Are there values I can pass to test_server_extra_args that would cause more verbose output from the test server binary? I’m sure these are documented somewhere but I haven’t found them yet. Any other suggested solutions (or things to look into) would be very appreciated.

I have seen this when the lazy downloader HTTP URL fails. We use a CDN server that gives the URL for us to download the proper JSON. In this case, it’s trying to visit https://temporal.download/temporal-test-server/default?platform=darwin&arch=arm64&sdk-name=sdk-python&sdk-version=1.3.0 which may have been failing at the time (it then uses that URL to try to download from GitHub releases). Can you retry? Worst case scenario, you can download a version of the test server from our Java releases area and set the test_server_existing_path to point to the extracted executable.

This is failing on the download step I think before it even starts the test server

Thanks for he info! After retrying, I get the same result.

I’m a little surprised at ...platform=darwin&arch=arm64.... My dev machine is an M1 macbook pro, however the run environment (locally) is a Linux docker container with uname -m returning aarch64. I don’t know what our testing and staging envs are running but presumably x86-based. Also interesting is the temporal.download response:

{
	"archiveUrl": "https://temporal.download/assets/temporalio/sdk-java/releases/download/v1.17.0/temporal-test-server_1.17.0_macOS_amd64.tar.gz",
	"fileToExtract": "temporal-test-server_1.17.0_macOS_amd64/temporal-test-server"
}

I assume (haven’t checked) this would work if my macbook were my runtime environment, but is this request+payload expected for an aarch64 Linux setup?

Tomorrow morning I’ll try something like the “worst case scenario” you described. Thanks again for the help, I (obviously) wasn’t getting anywhere on my own (@unittest.skip ftw!).

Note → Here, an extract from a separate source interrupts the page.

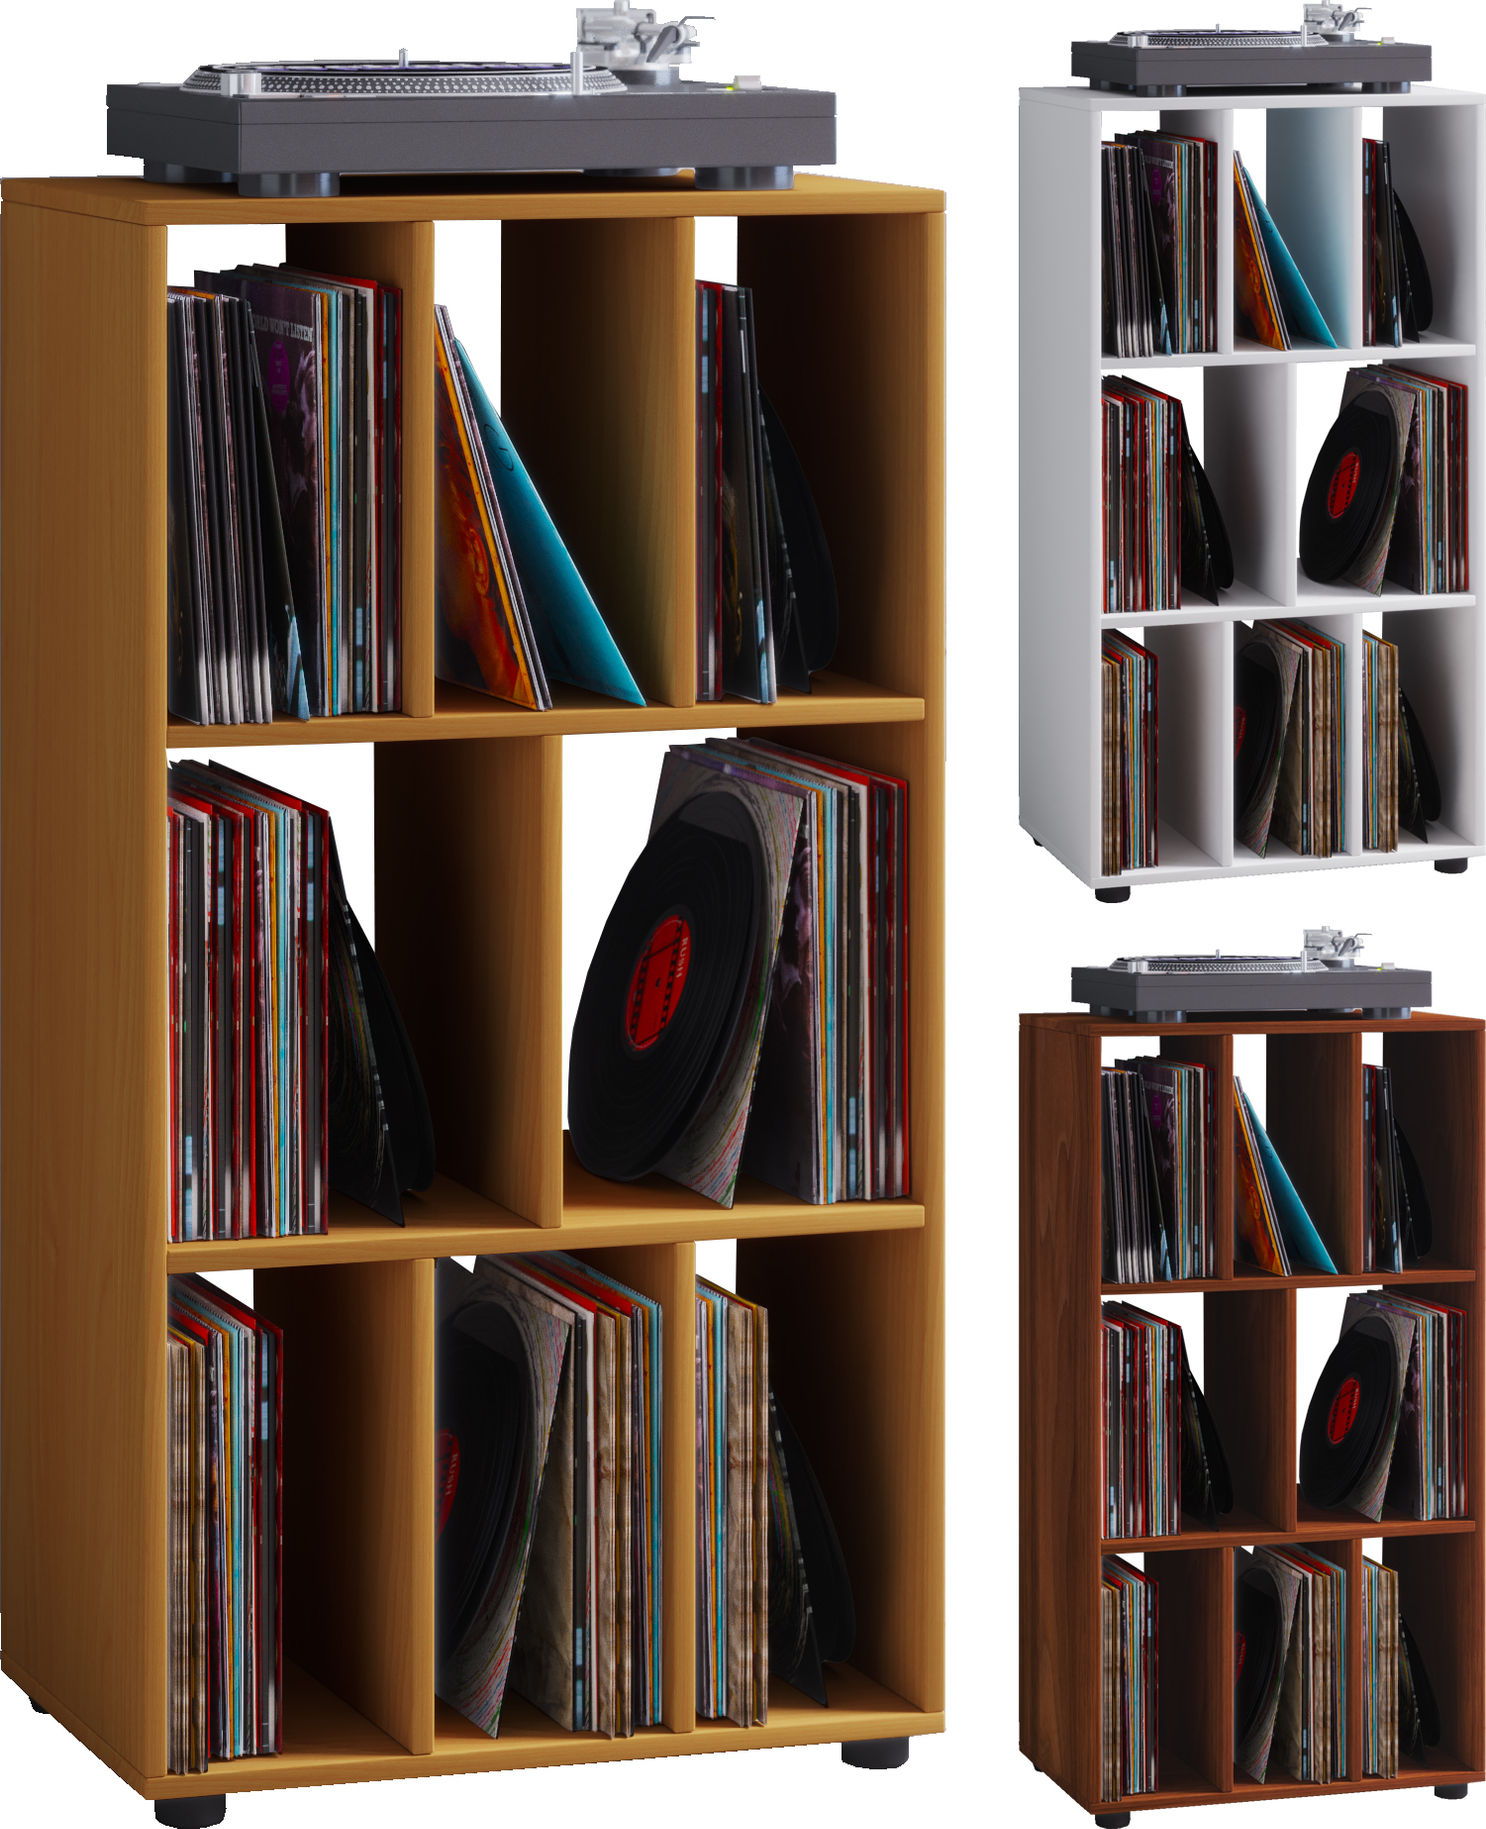 VCM Schallplatten Regal Archiv LP Möbel Archivierung Schaltino VCM  Schallplattenregal Schaltino Farbe: Weiß | Weltbild.de

We don’t have an arm build for the test server, so no, aarch64/arm64 Linux will not work with our test server currently. This is likely the error you are running into, https://temporal.download/temporal-test-server/default?platform=linux&arch=arm64&sdk-name=sdk-python&sdk-version=1.3.0 404’s. For M1 mac, many run tests locally so the max-intel translation layer will work w/ x86/amd64 binaries. But if you’re running docker which has arm Linux, our test server won’t work. See this issue (and this one).

I have an issue open to document this better, and I have just opened an issue to make this error clearer.